DATA FOR THE TASK:
%%

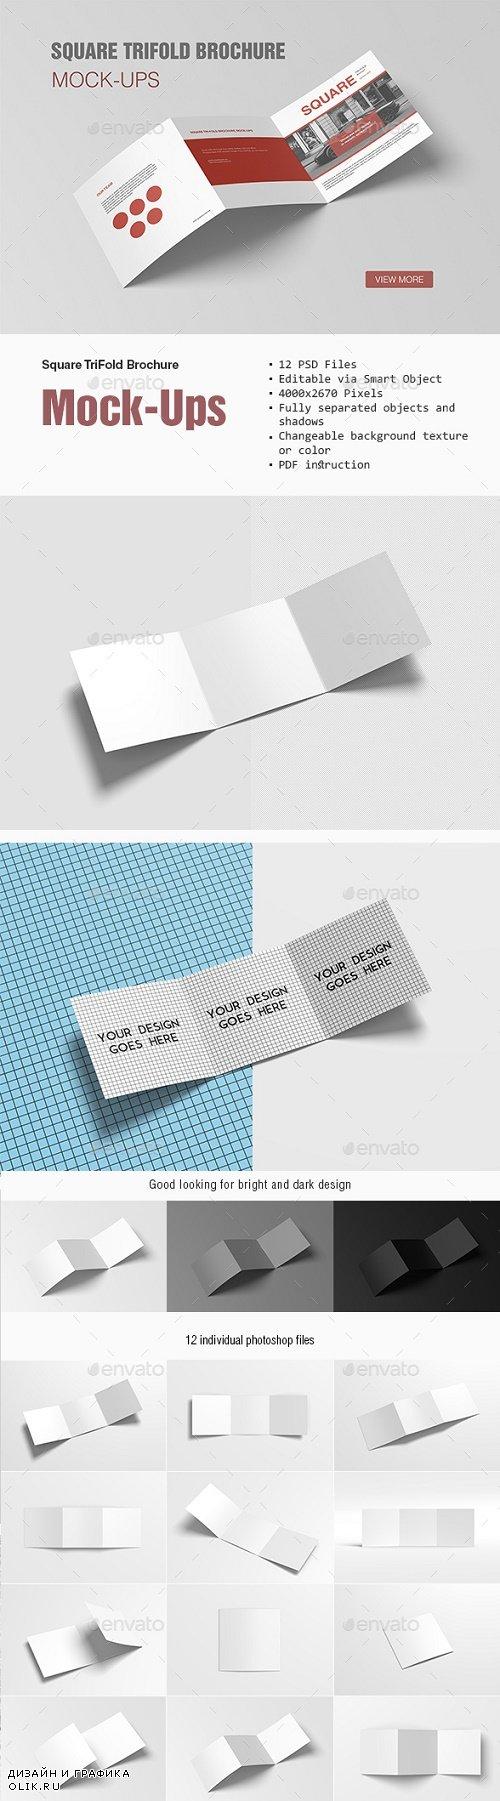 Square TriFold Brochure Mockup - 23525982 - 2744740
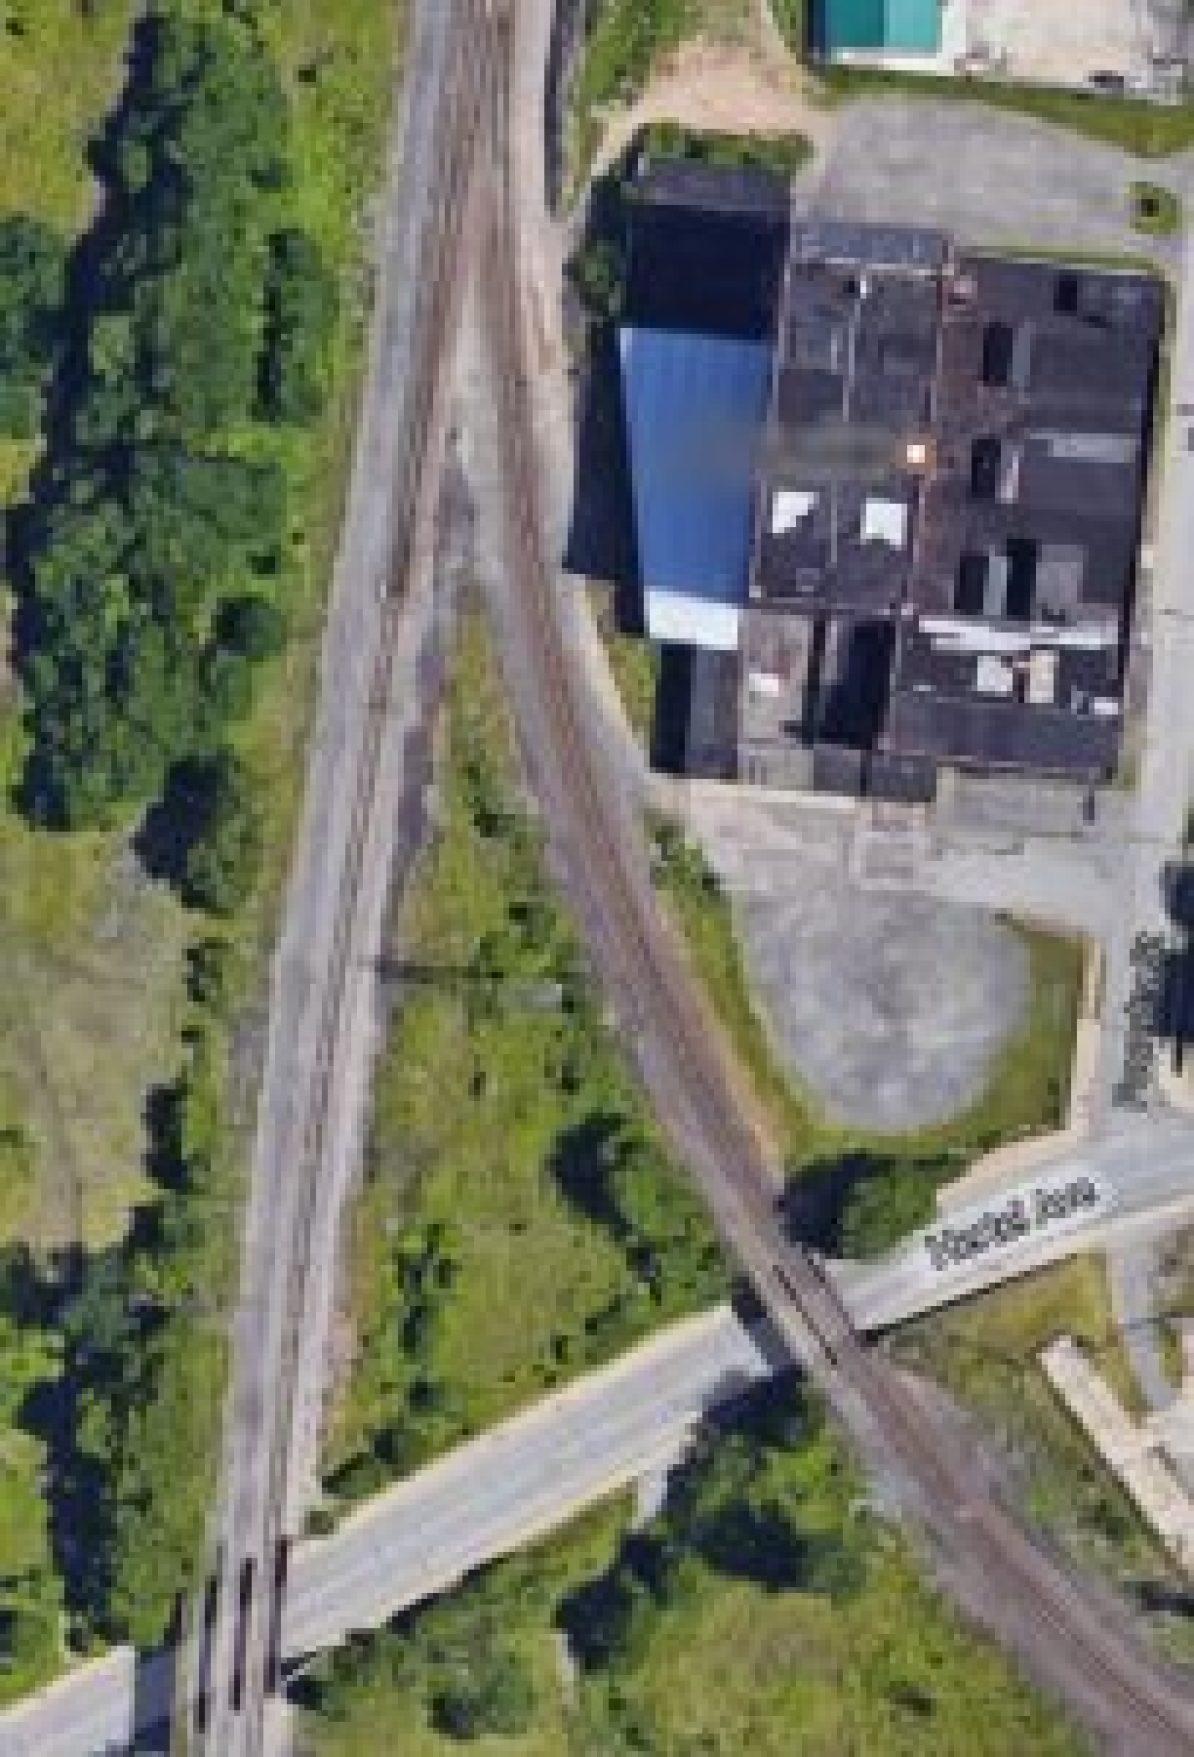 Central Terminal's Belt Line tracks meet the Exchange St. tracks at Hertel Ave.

%%
%%

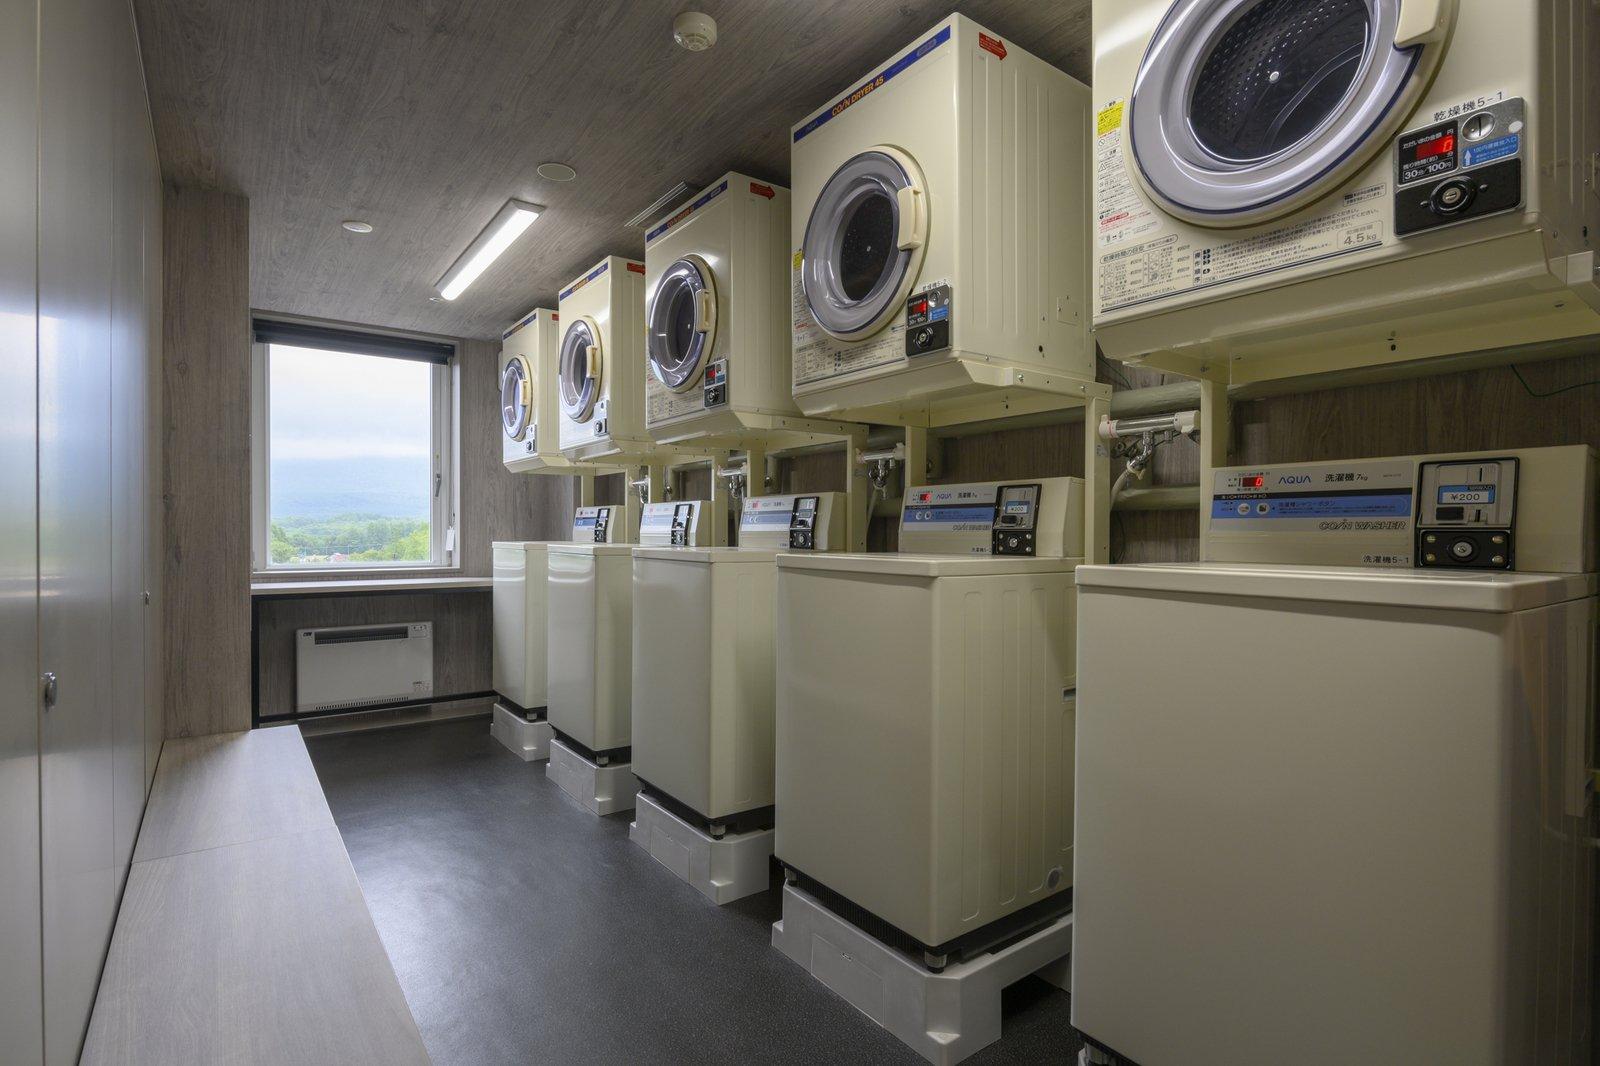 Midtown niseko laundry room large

%%

ACTIVITY: Return exactly the part of the listing above that opens with the line containing "Square TriFold Brochure" and closes with the line containing "Central Terminal's Belt". Pictures stay out.

FINAL ANSWER:
 Square TriFold Brochure Mockup - 23525982 - 2744740
 Central Terminal's Belt Line tracks meet the Exchange St. tracks at Hertel Ave.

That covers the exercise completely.